The main thought, and I won't even bother to say premise, is that the ever lingering question that plagued this show and made things abrasive for many of the cast members was openly and very adroitly addressed here.

The question being: Can a show have a black Captain, or a black hero as the driving force?'

Avery Brooks as Captain Benjamin Sisko suffered under this plague the entire time that the show ran. While many think that Hollywood is colorblind, it just isn't the case. Tensions from this show probably derailed much of what was going on with Star Trek in the nineties and quite possibly damaged the franchise for a long time to come, much like a butterfly effect. I'm sure the producers would disagree. Of course they would. I'm not saying that it was the fault of Avery Brooks or because they cast a black Captian and that it was a bad idea. Not at all. On the contrary.

The executives in charge of DS9, as well as the head writers were openly hostile towards Brooks and even through the seven years the show ran, the problems continued and never seemed to fade until finally, the show ended. Star Trek lore is rife with information about the relationships between Avery Brooks, Brannon Braga and Steven Behr. Let's just say it mirrors what Albert R. Broccoli once said about Sean Connery as James Bond when they were originally trying to get Carey Grant: 'He's not exactly what I was looking for'.

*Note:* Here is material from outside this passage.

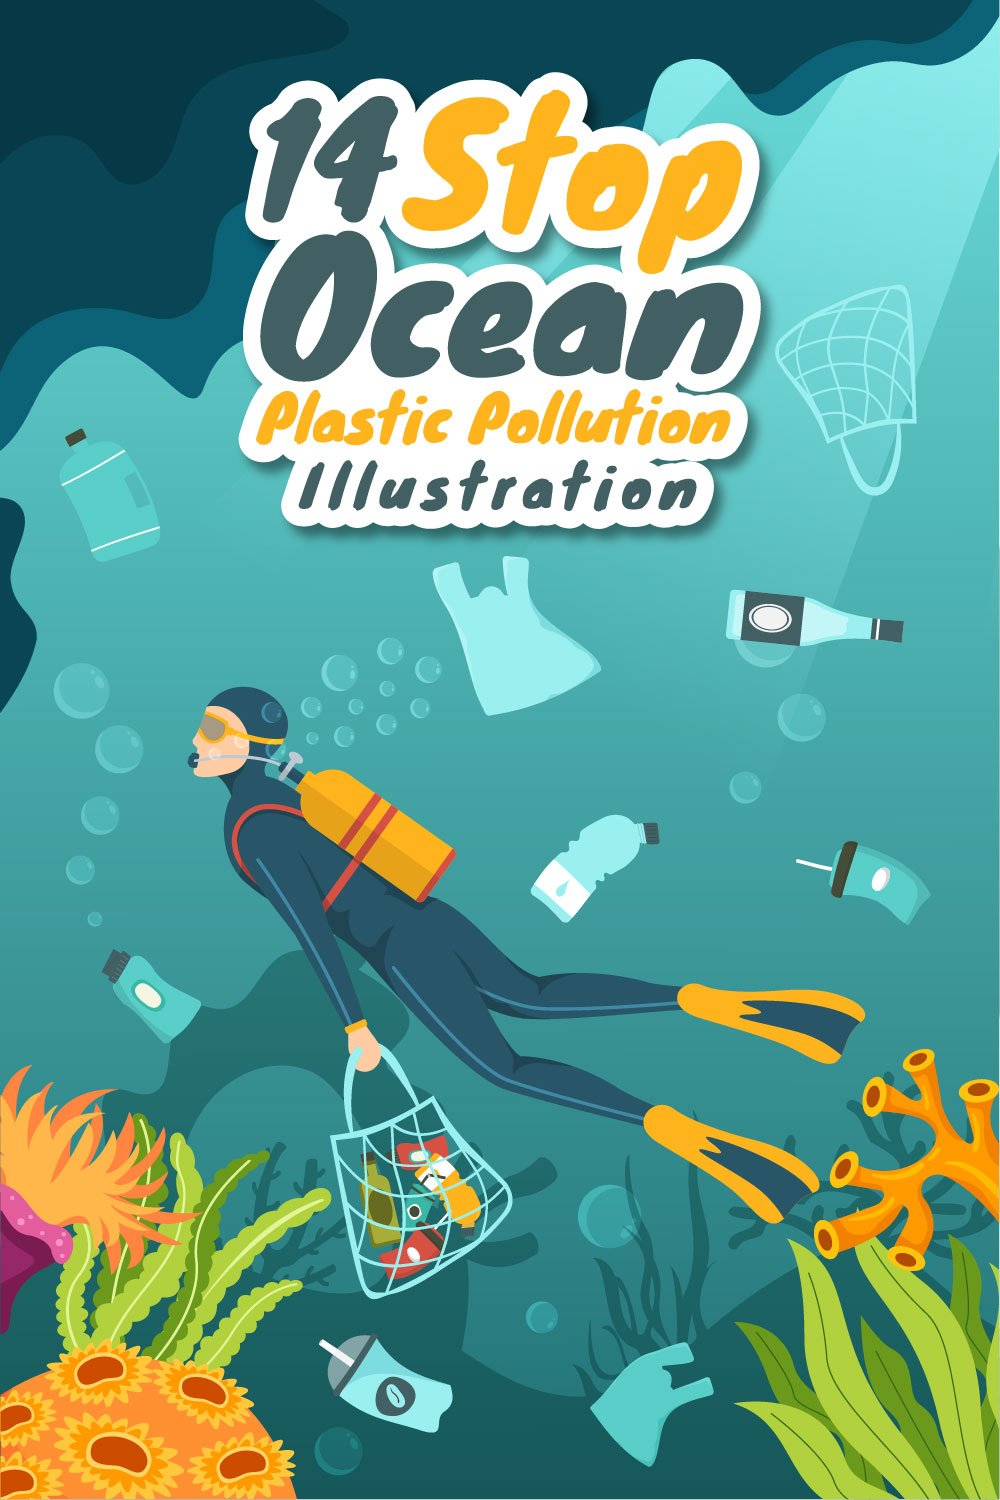 14 Stop Ocean Plastic Pollution Illustration pinterest preview image.

This episode speaks to this tension, in my opinion, more than anything. Not being a trekkie without inside knowledge doesn't diminish it either. Benjamin Sisko is 'Benny', stuck as a black science-fiction writer in 1950's America, during Jim Crow, Segregation and probably just before the bulk of the civil rights movement and dreaming of a better future for all of us, not just himself. The episode in this context is bleak and has the same sinister feeling that most of the DS9 episodes had, but deals directly with every day issues. It was a stroke of genius to have a science fiction show set 200 years in the future deal with an issue that is apparently 50 years in our past, but still relevant and eye-opening. Should this episode have won a Hugo Award? Yes. Without any doubt in the world. In 1998, when this episode and aired and would have been a contender, it never even got a mention. The Hugo in 1998 went to the film 'Contact'. Just shameful. I wonder if it had anything to do with 'a Black Captain'?

The struggle Benny is going through in this, shows the pain that all writers must endure on some level, some more than others. Charles Bukowski, suffered much like our good friend Benny and once stated: 'The Gods have really put a shield on me'. I've truncated that quote for reasons that are obvious to anyone that has read Bukowski. I fall apart every time I watch this episode because Avery Brooks depiction of the frustrated writer, caged in like a parakeet, is very true and very well-acted. It's painful to watch, not because of the intensity that he's going through on-screen, but because every word and gesture he emits is more than true. You can feel on some deeper level that you're seeing the events of perhaps thousands of peoples lives. It takes you all the way back to another question: 'Does the caged bird still sing?'

His soliloquy of 'you cannot destroy an idea' is powerful and so in the face of everybody that has never faced a day like this, a moment like this, a life like this.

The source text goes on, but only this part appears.